Aside of the cool-factor of working with music, we considered it an interesting use-case for deep self-supervised learning as in Humphrey et al. (2012), Humphrey, Bello, and LeCun stated:

“Deep architectures often require a large amount of labeled data for supervised training, a luxury music informatics has never really enjoyed. Given the proven success of supervised methods, MIR (music information retrieval) would likely benefit a good deal from a concentrated effort in the curation of sharable data in a sustainable manner”.

But, rather than spending resources and long and tedious hours on handcrafting huge labeled data sets for music, why not leverage the power of self-supervised learning to put to good use the massive amounts of unlabeled music data we have accumulated through centuries of human artistic production?.

Our goal was then to use self-supervised algorithms to train a deep learning model to extract useful latent variables from unlabeled raw music audio data. The usefulness of such representation was assessed by using them later for some downstream tasks for which we had labels (E.g. classifying the instrument and/or note playing at a certain moment) hoping to get improved performance with less labeled data with respect to a fully supervised model.

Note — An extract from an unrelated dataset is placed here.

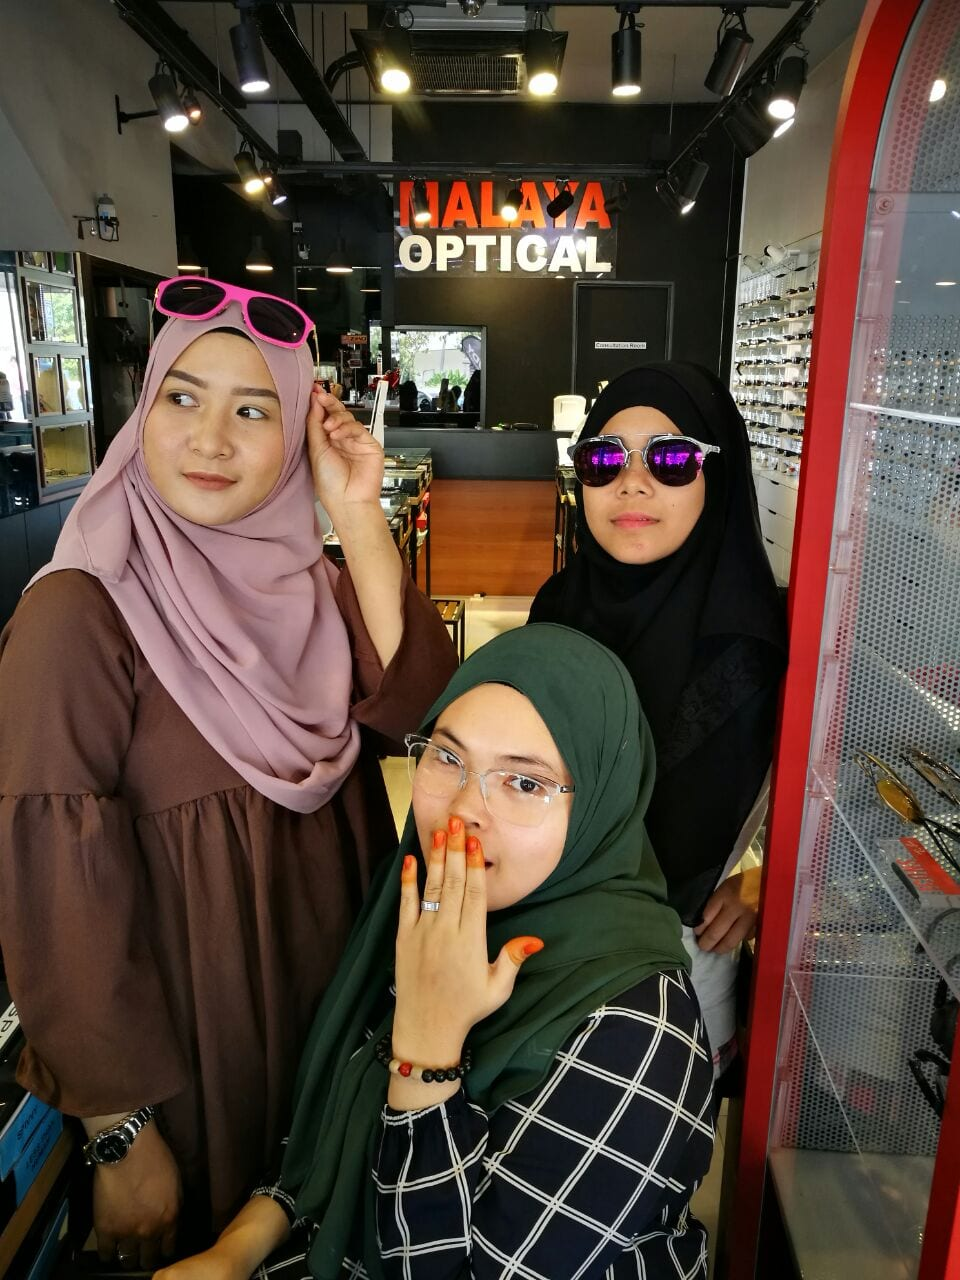 march 2017, March 2017, Optometrist in Petaling Jaya | Optical Shop

As our self-supervised algorithm we chose Contrastive Predictive Coding (CPC) (van den Oord et al., 2019), a self-supervised algorithm quite well-suited for sequential data as it is music, and which we found interesting not just conceptually, but because it is related to ongoing research in our university.

Data set

We used the MusicNet data set (Thickstun et al., 2016), a collection of 330 freely-licensed classical music recordings, together with over 1 million annotated labels indicating the precise time of each note in every recording, the instrument that plays each note, and the note's position in the metrical structure of the composition, as well as some aditional meta data, such as the ensemble of instruments used for the composition, and the composer.

We chose MusicNet as its size was reasonable for our compute resources and purposes (~11 GB, 34 hours of music), it provided us with labels useful for multiple downstream tasks, and we thought that focusing on a single genre would make learning easier for the neural net as the data it would be trying to model was less diverse while still being reasonably complex (11 instruments arranged in 21 different ensembles).

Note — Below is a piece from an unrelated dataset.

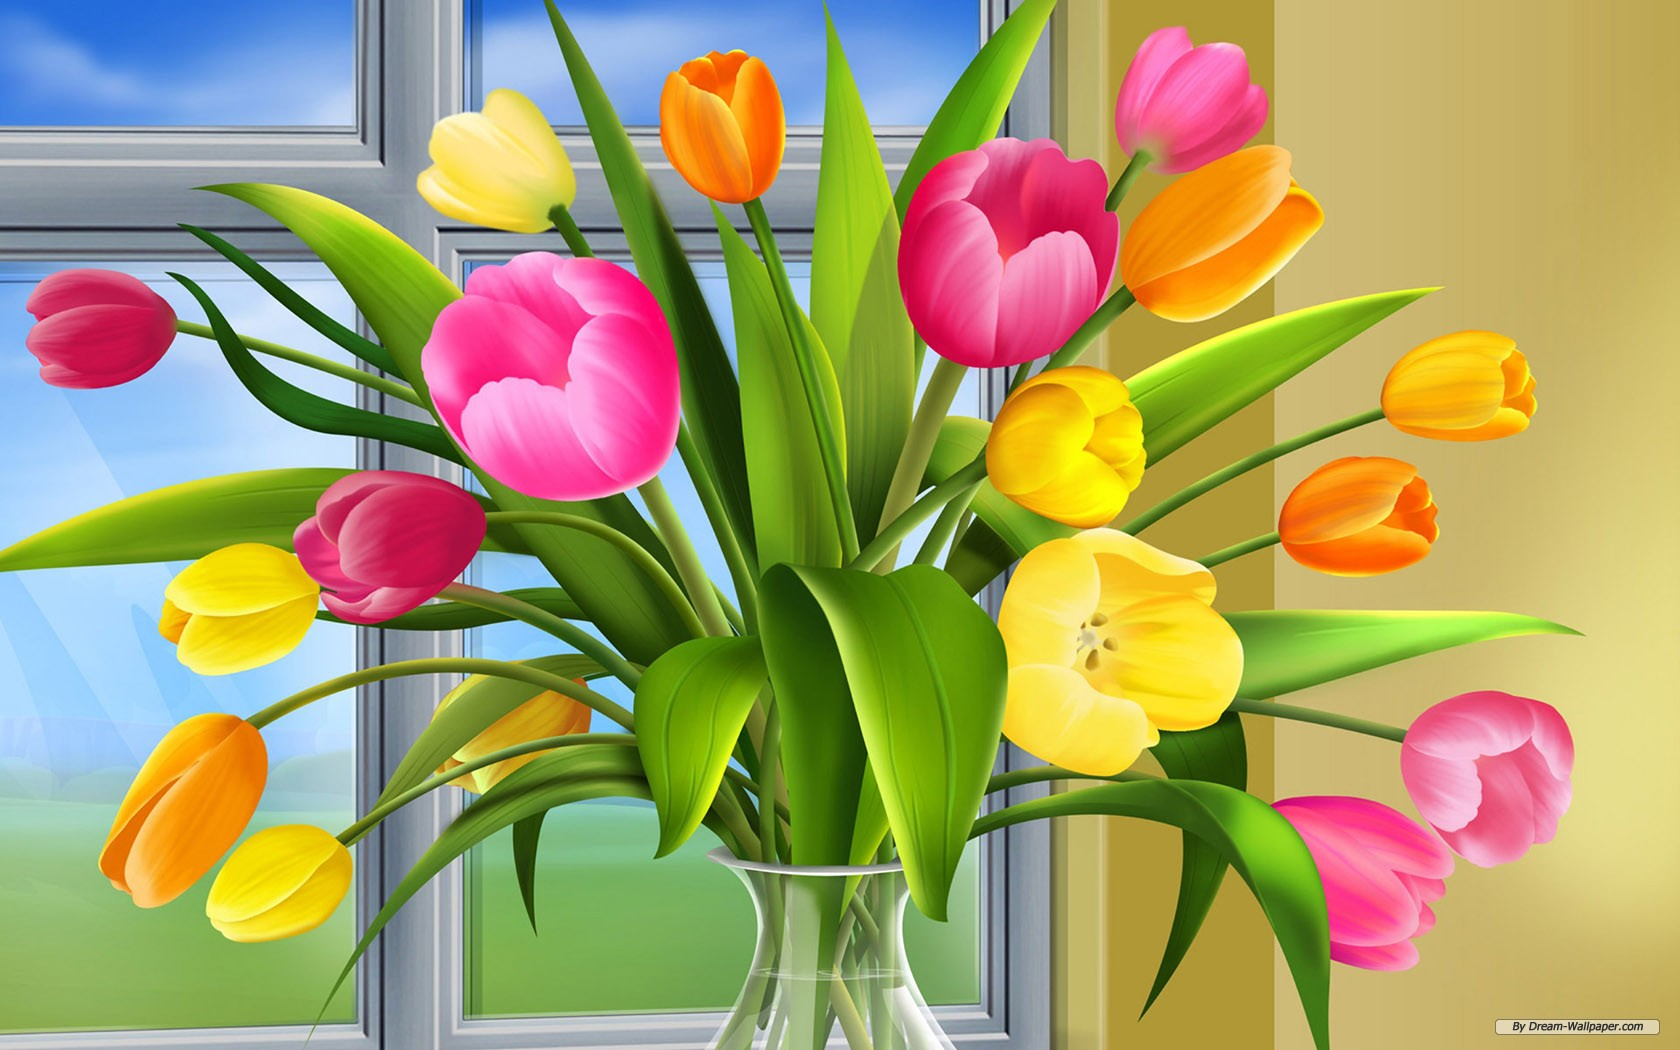 Spring Desktop Wallpaper Screensaver image 1680x1050

As MusicNet had a sampling frequency of 44.1 kHz, which was hard to deal with with our compute resources, we downsampled it to 16 kHz. Each observation consisted then of 20480 samples (1.28 seconds of audio).

Suggested Usage

  1. Install requirements.

    pip install -r requirements.txt
    
  2. There are several setups to run training that allow you to change the architecture of the neural nets. Use the --help flag.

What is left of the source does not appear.